- **Dataset section**
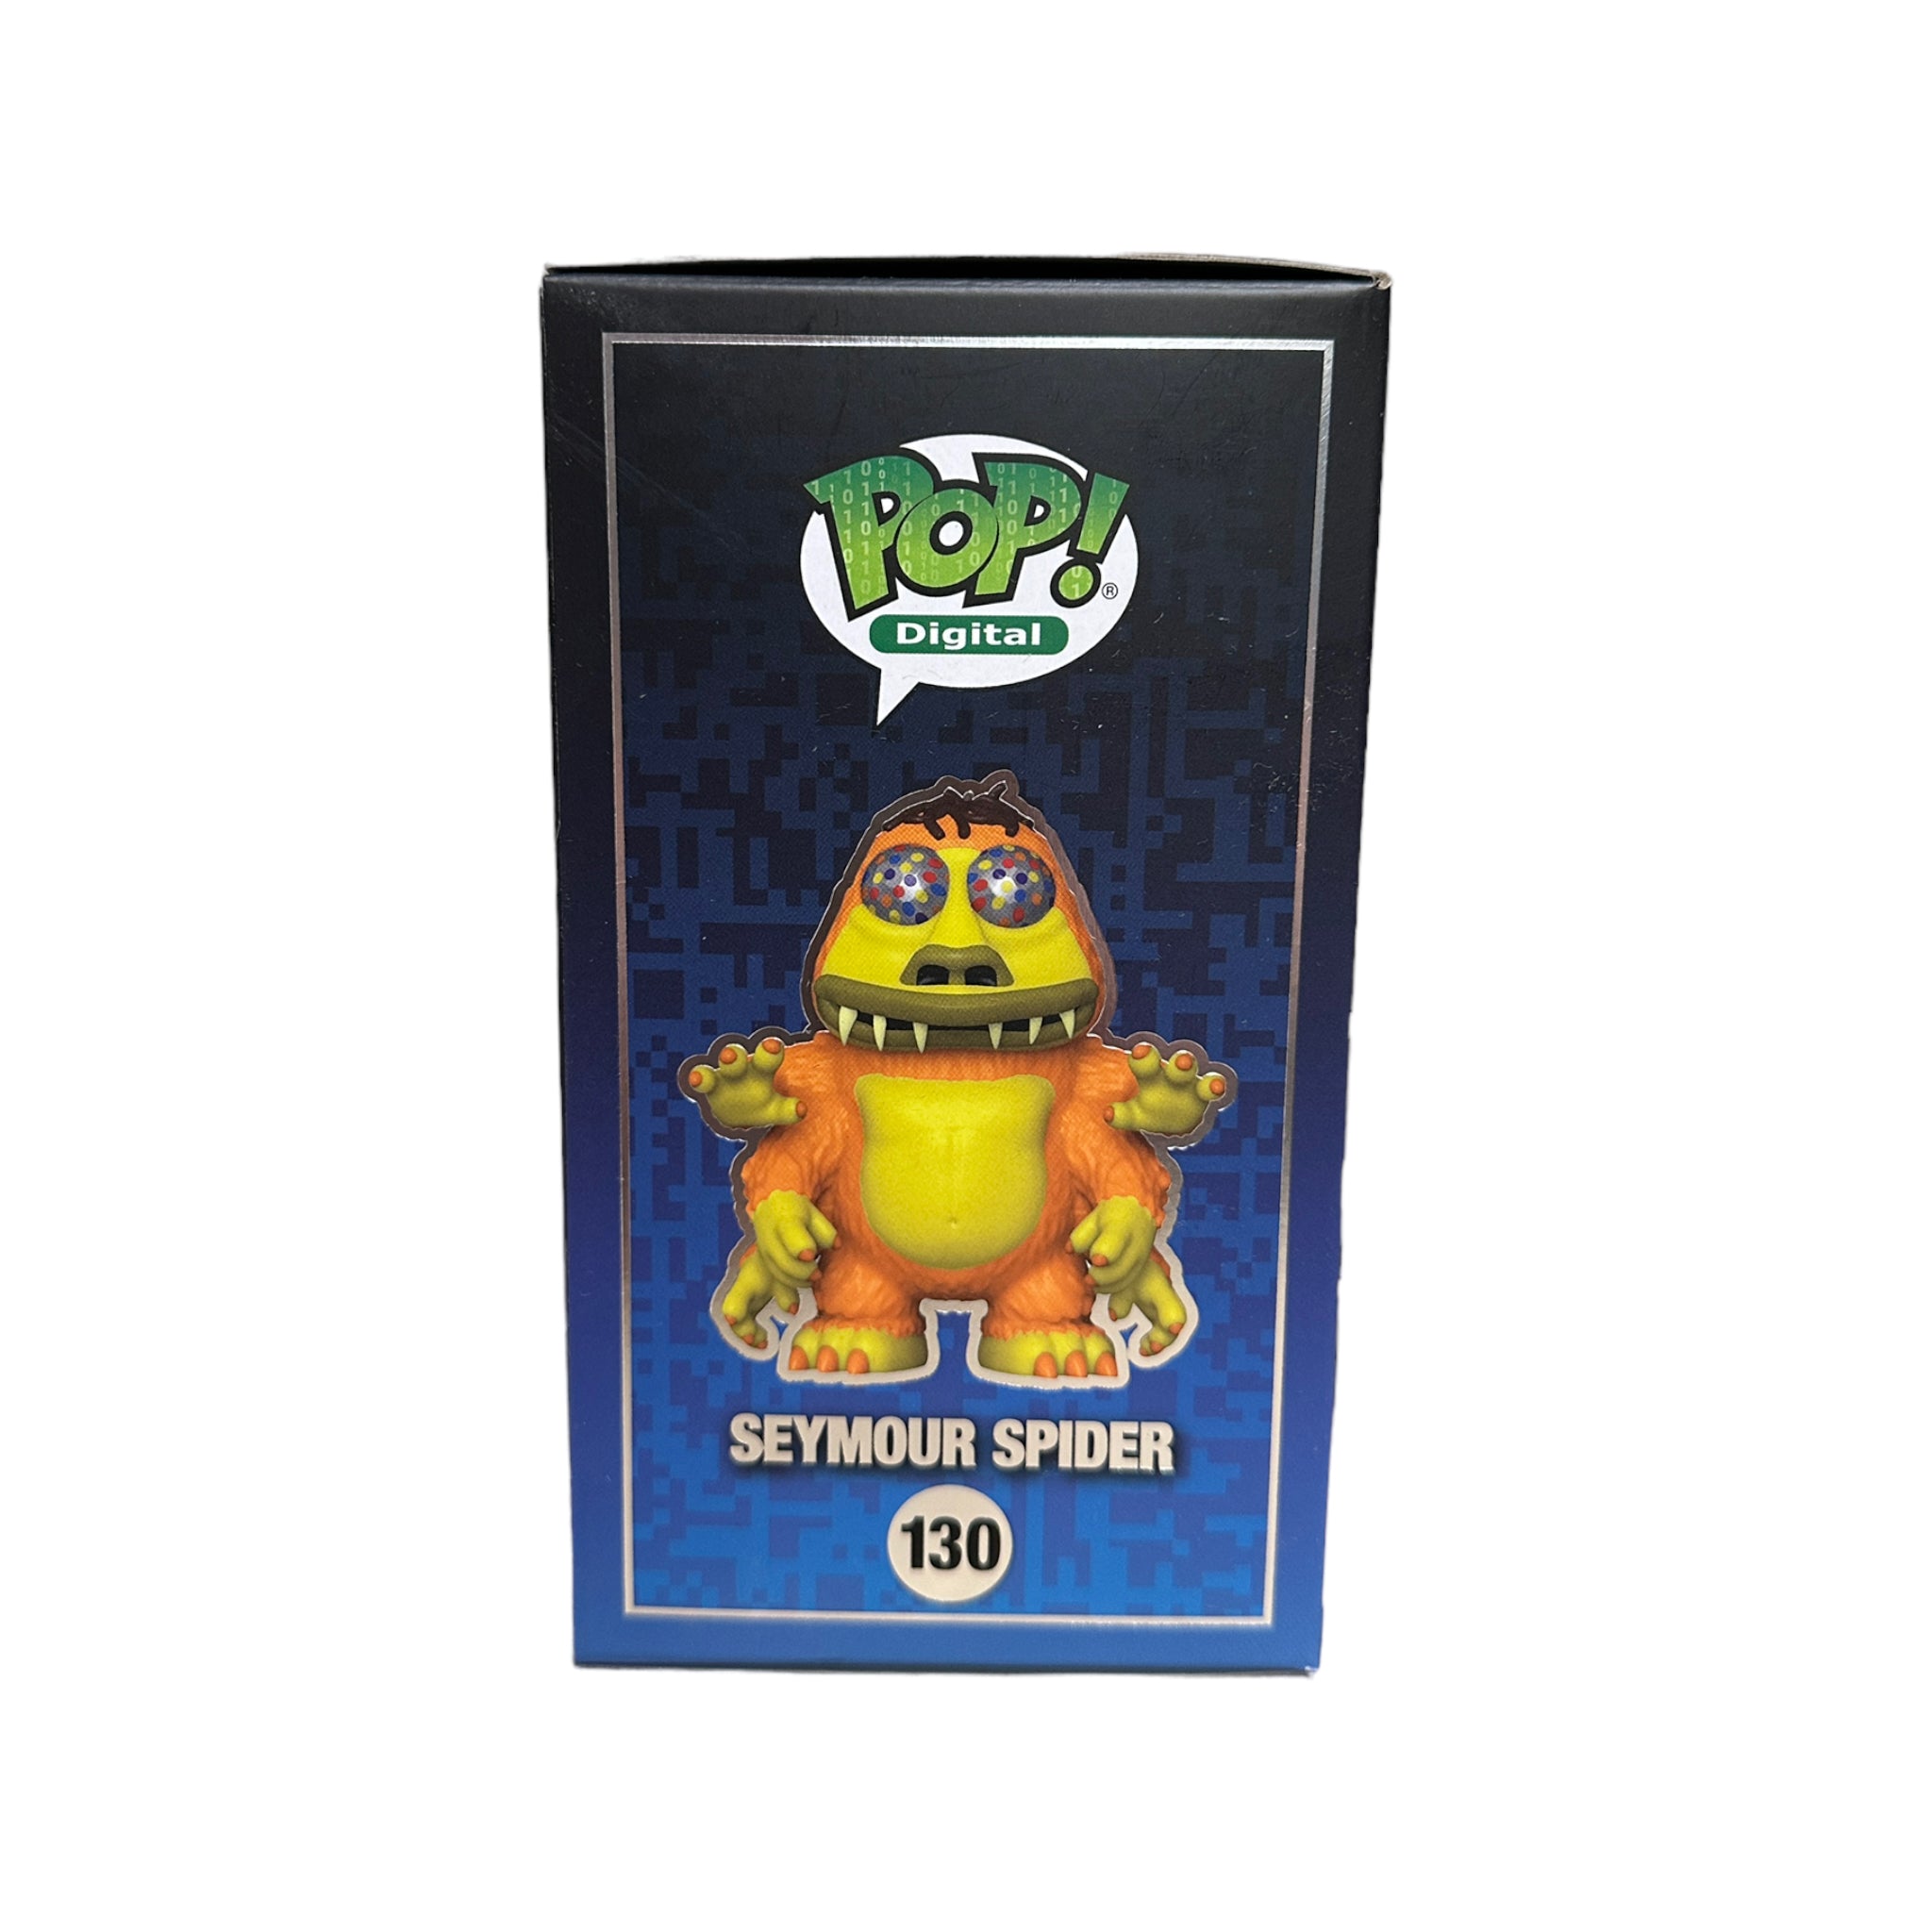 Seymour Spider #130 Funko Pop! - Sid & Marty Krofft Pictures - NFT Release Exclusive LE1400 Pcs - Condition 8.75/10
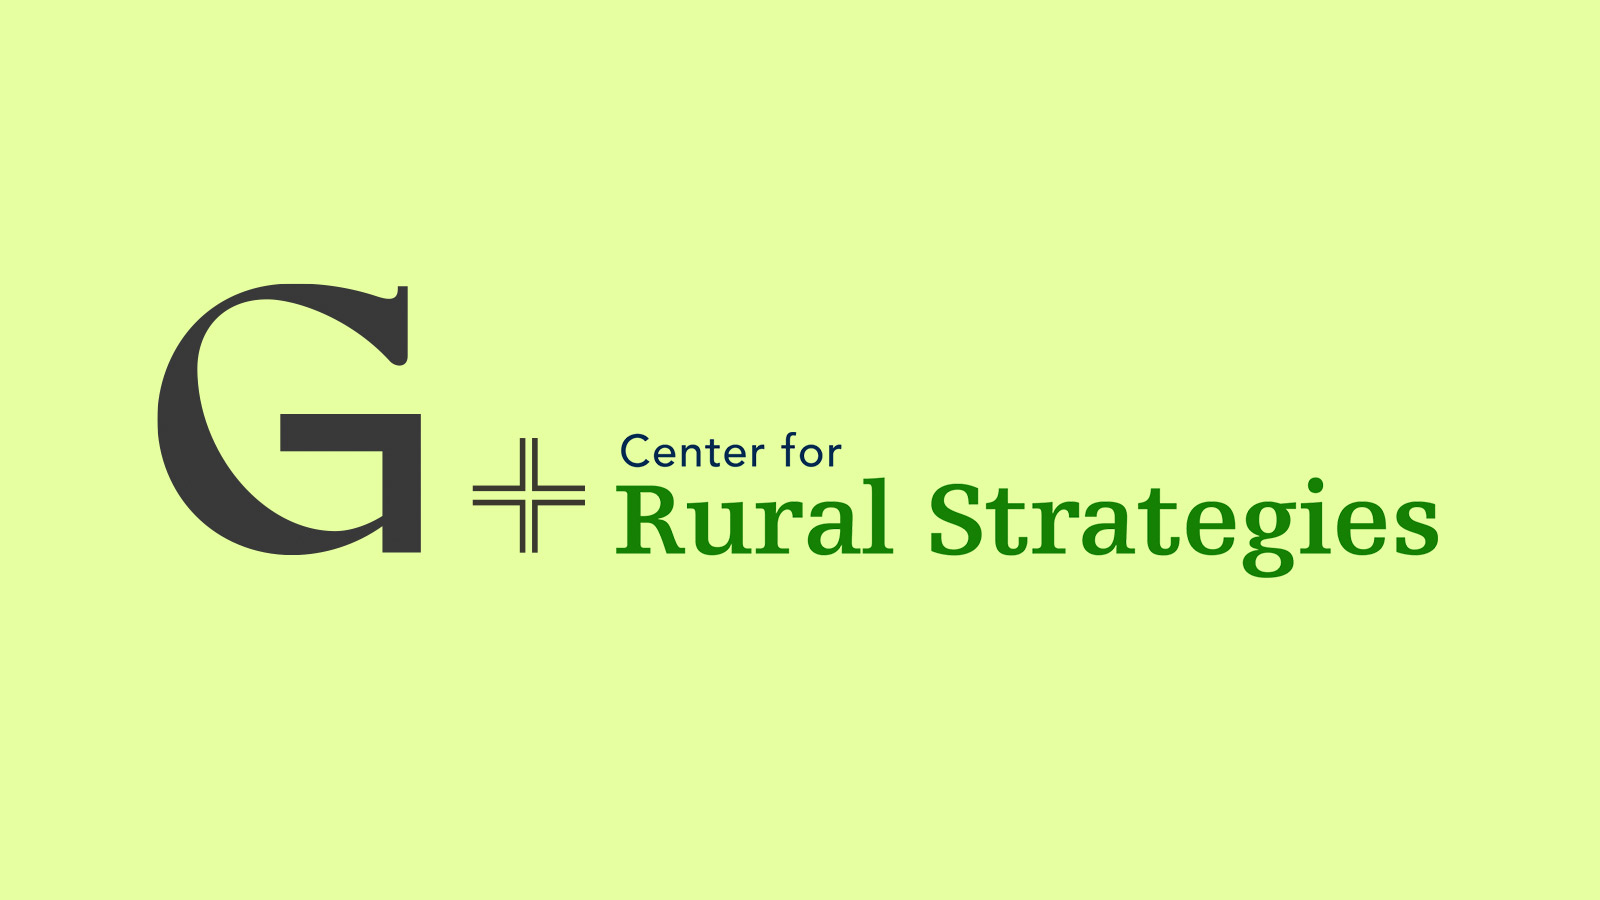 Grist and the Center for Rural Strategies
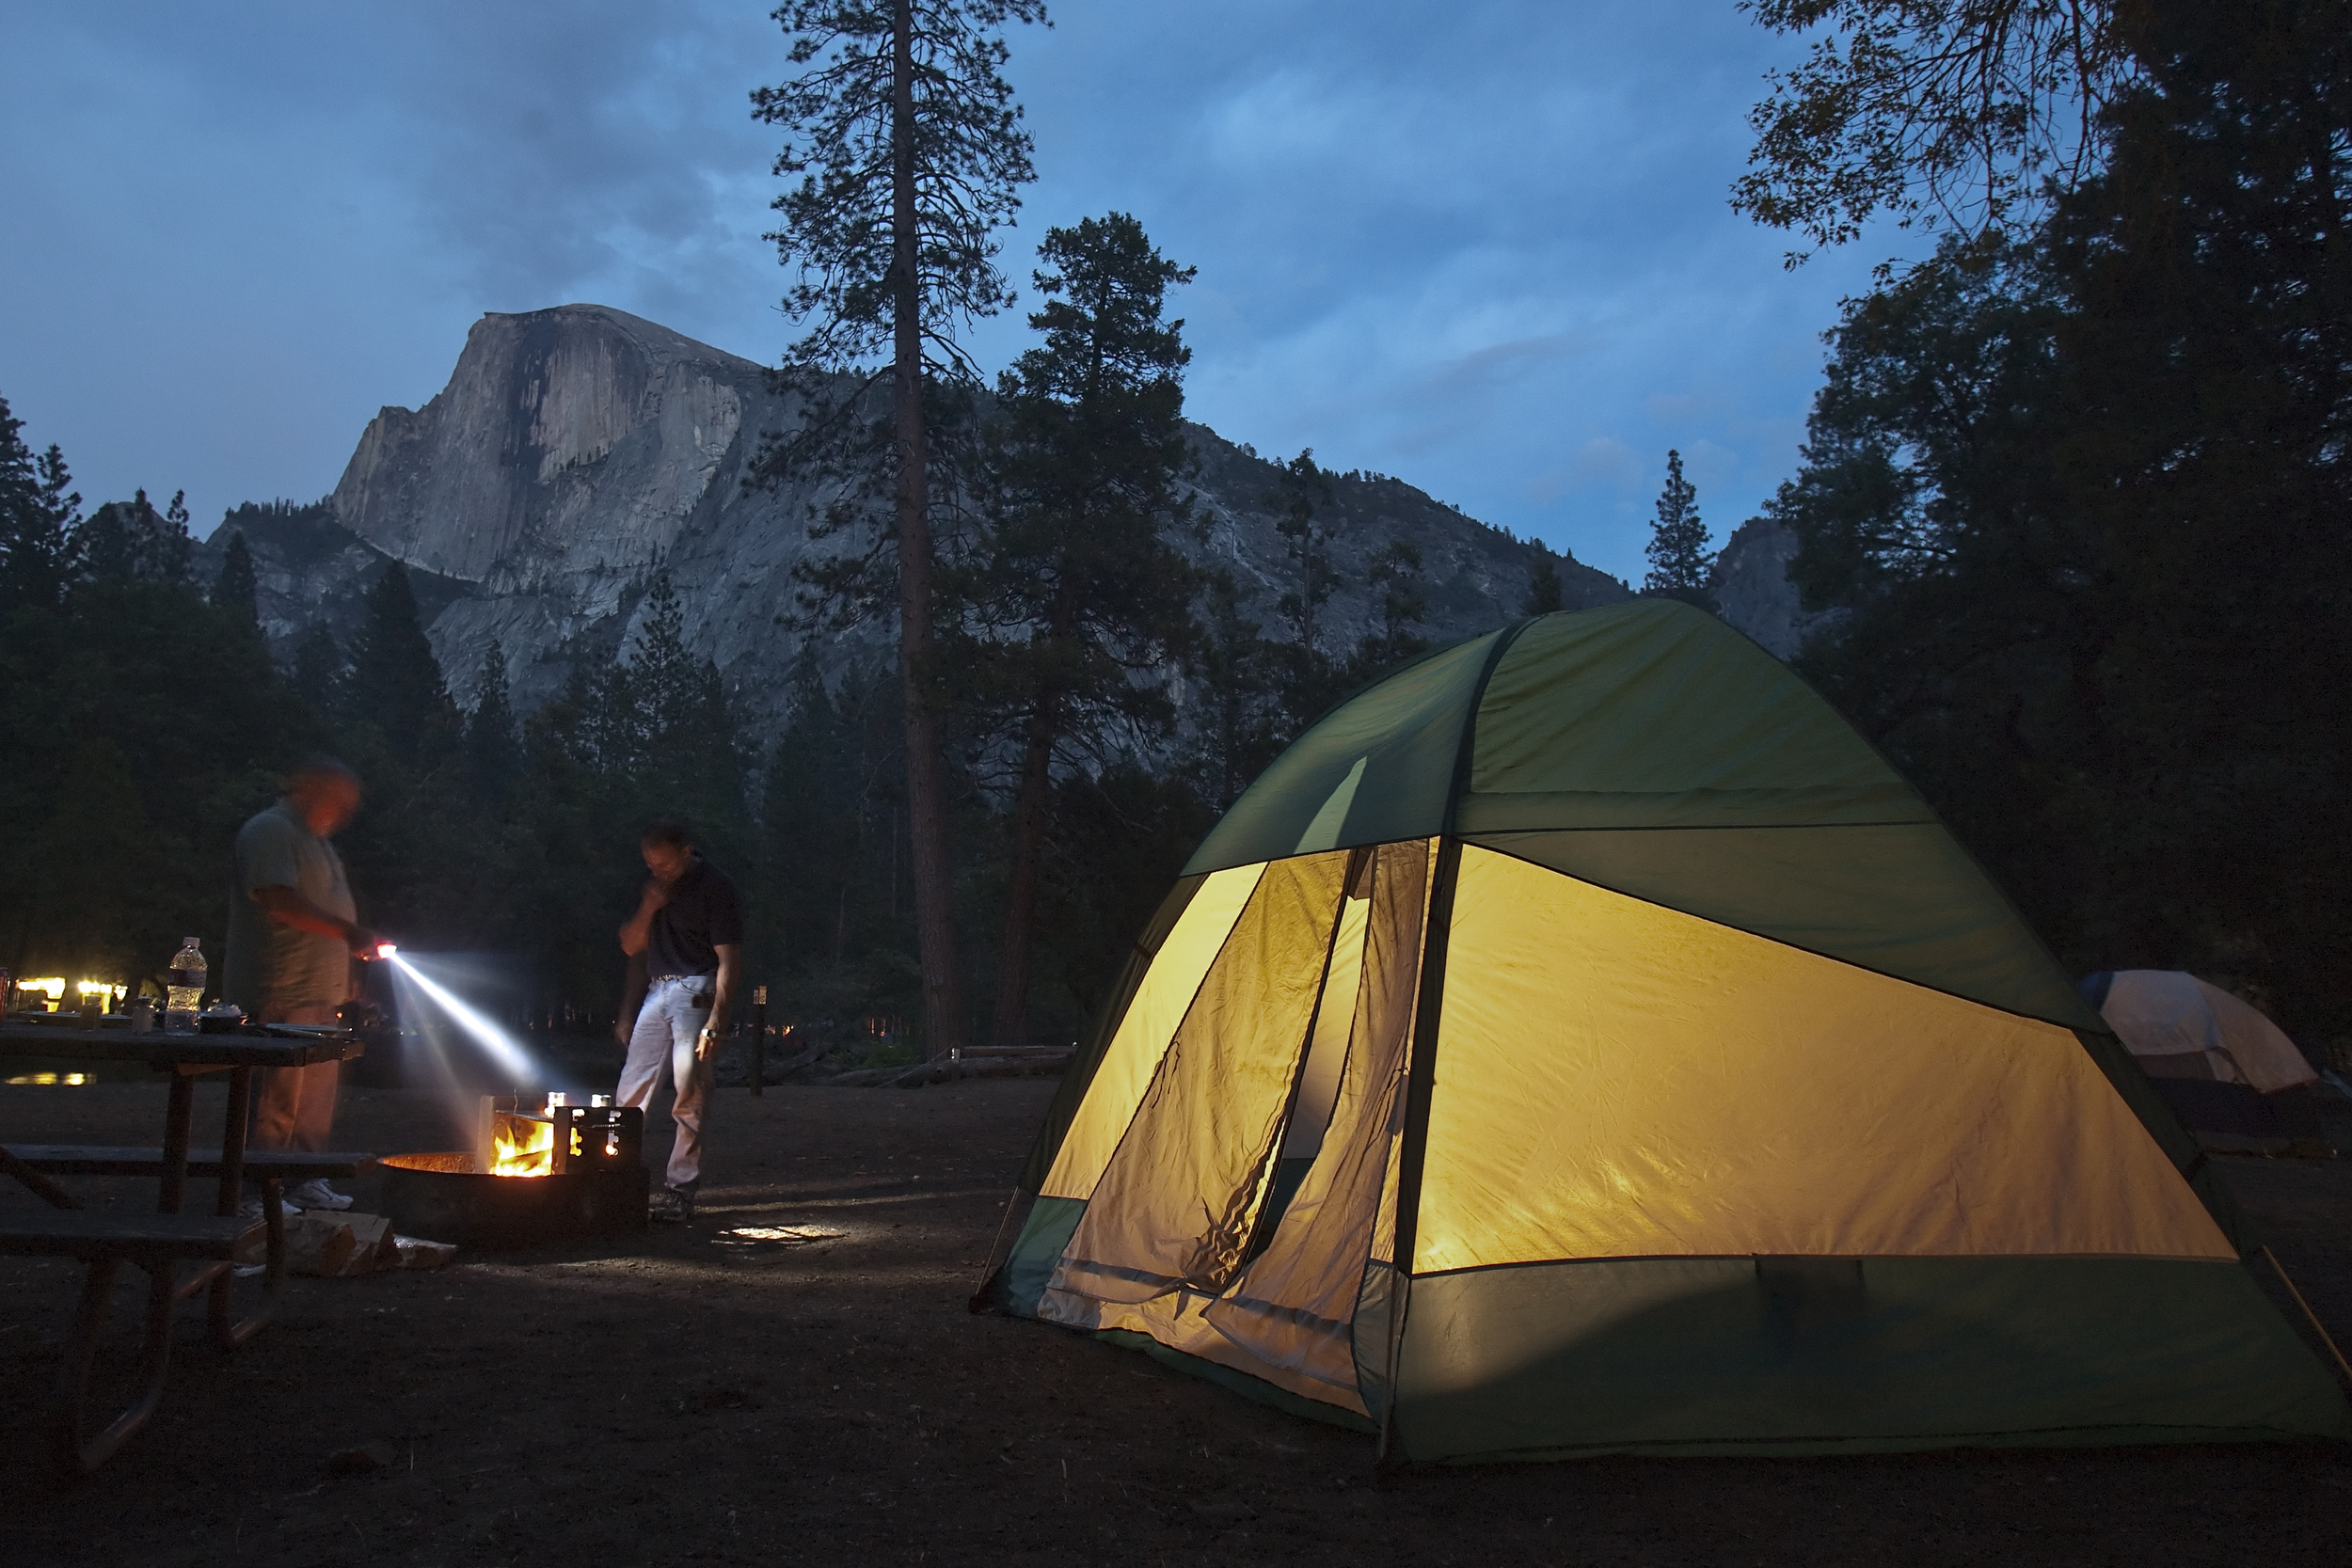   Camp site with a view, Half Dome - Yosemite National Park

- **Required work**
Word for word, repeat the data above with the pictures left out.

- **Answer space**
 Seymour Spider #130 Funko Pop! - Sid & Marty Krofft Pictures - NFT Release Exclusive LE1400 Pcs - Condition 8.75/10
 Grist and the Center for Rural Strategies
   Camp site with a view, Half Dome - Yosemite National Park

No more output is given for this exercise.